|
А сейчас словно оседлал реактивный снаряд, словно обрел пропеллер, как у Карлсона, и полетел-полетел, обгоняя пули и снаряды, к спасительному вертолету, и душа вырывалась вперед, и жажда жизни опережала на полкорпуса, и вот-вот разорвутся сердце и легкие от нечеловеческой нагрузки, но вот его подхватили крепкие руки, затащили внутрь вертолета, и машина тотчас взмыла в воздух, и опять кто-то застрочил из пулемета, и замелькали в страшной круговерти горы, камни, высохшие русла, безоблачное небо и солнце, похожее на разорвавшийся снаряд.
— Глотни спирта! Выпей, говорю!
Ему совали под нос флягу. Край горлышка стучал о зубы борттехника. «Успел ли Колян выпрыгнуть?» — думал Викенеев, глотая жидкий огонь.
Колян, летчик-оператор, выпрыгнуть не успел. От удара о землю у него разломилась тазовая кость и хрустнул позвоночник — острый позвонок пропорол кожу аккурат между лопаток и пропотевший комбинезон и уткнулся в спинку сиденья. Летчик как бы пригвоздил себя своей же костью. Он не почувствовал боли — тело перестало воспринимать боль, и даже когда фонтан горящего бензина плеснул ему в лицо, летчик лишь с удивлением отметил, что огонь вовсе не красный, а зеленый, да еще нашпигованный золотыми искорками — такую феерию можно увидеть, если сильно-сильно надавить кулаками на глаза. Когда летчик был маленький, этому фокусу его научили деревенские мальчишки. «Хочешь золото увидеть? Сожми кулаки и дави в глаза!» Давили не только до золотых искорок, но до тупой боли, растекающейся на весь мозг. От этой боли хотелось реветь. Но мальчишки терпели, ждали, когда в бесконечной, бездонной черноте появится золотое облако и, стремительно разрастаясь, накроет собой все-все-все… Гуля Каримова, схватившись за лицо руками, причиняла себе такую же боль и мычала; шла по коридору, сбивая тазы и тапочки, и мычала. Черт знает, какими путями просачивается информация — может, на лбу у медсестры проступили строчки из донесения о происшествии под кишлаком Дальхани или, может быть, она сама про это выстонала — в общем, через пять минут весь женский модуль знал, а все бабье, что оказалось рядом, впилось взглядами в Гулю.

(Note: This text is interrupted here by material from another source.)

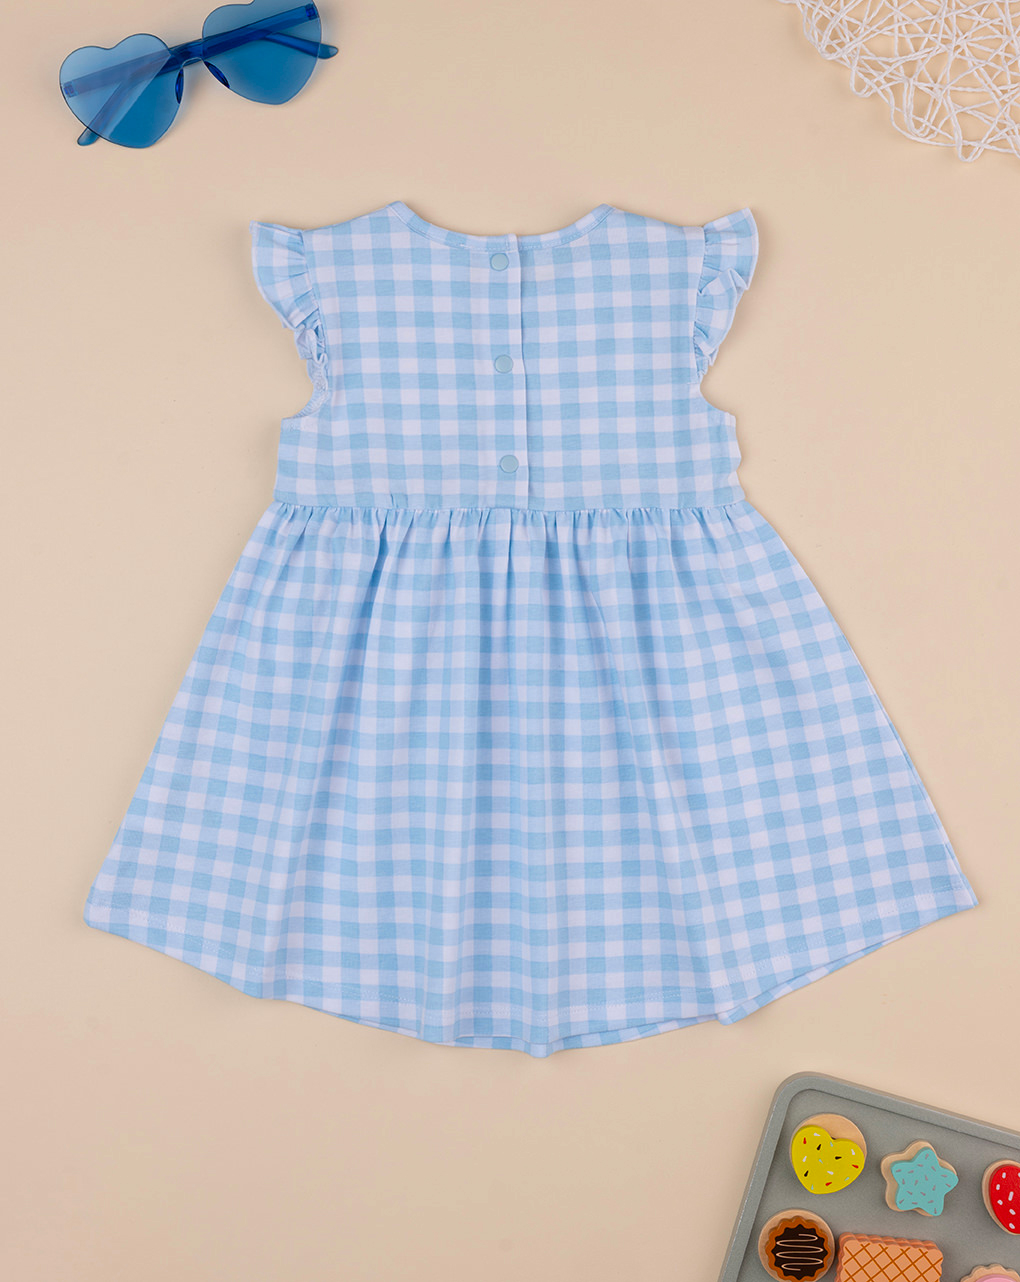 βρεφικό φόρεμα καρό γαλάζιο/λευκό για κορίτσι - Prénatal

Видели бы вы эти глаза! Прожектора, а не глаза! Темный коридор залил ослепительный свет, и посыпалось под босые ноги медсестры битое бутылочное стекло. Она ступает по нему мягко, неслышно, гнутые чешуйчатые края осколков сочно врезаются в отшлифованную пемзой гладенькую пяточку — сплошное удовольствие. Каждый шаг — и режут. Мягко. Нежно. Каждый шаг — и стекло входит в мякоть. Тихо-тихо. Нежно-нежно. А если Гуля качнется, упрется рукой о стену, так и стены тоже осыпаны битым стеклом, и все сверкает, переливается. Слух ложится на слух, третий слух примешивается, да еще кто-то вздохнет, буркнет что-то не по теме, предположит или спросит, но ком слухов катится быстро, и замешивается в него черт знает что.
— Пятнадцать человек погибло.
— Всю колонну почти положили…
— Всю? Значит, и… тоже…
— Что «тоже»? Герасимова убили?
— Слышали? Герасимова убили!
— Герасимова духи расстреляли. Сначала издевались, потом расстреляли…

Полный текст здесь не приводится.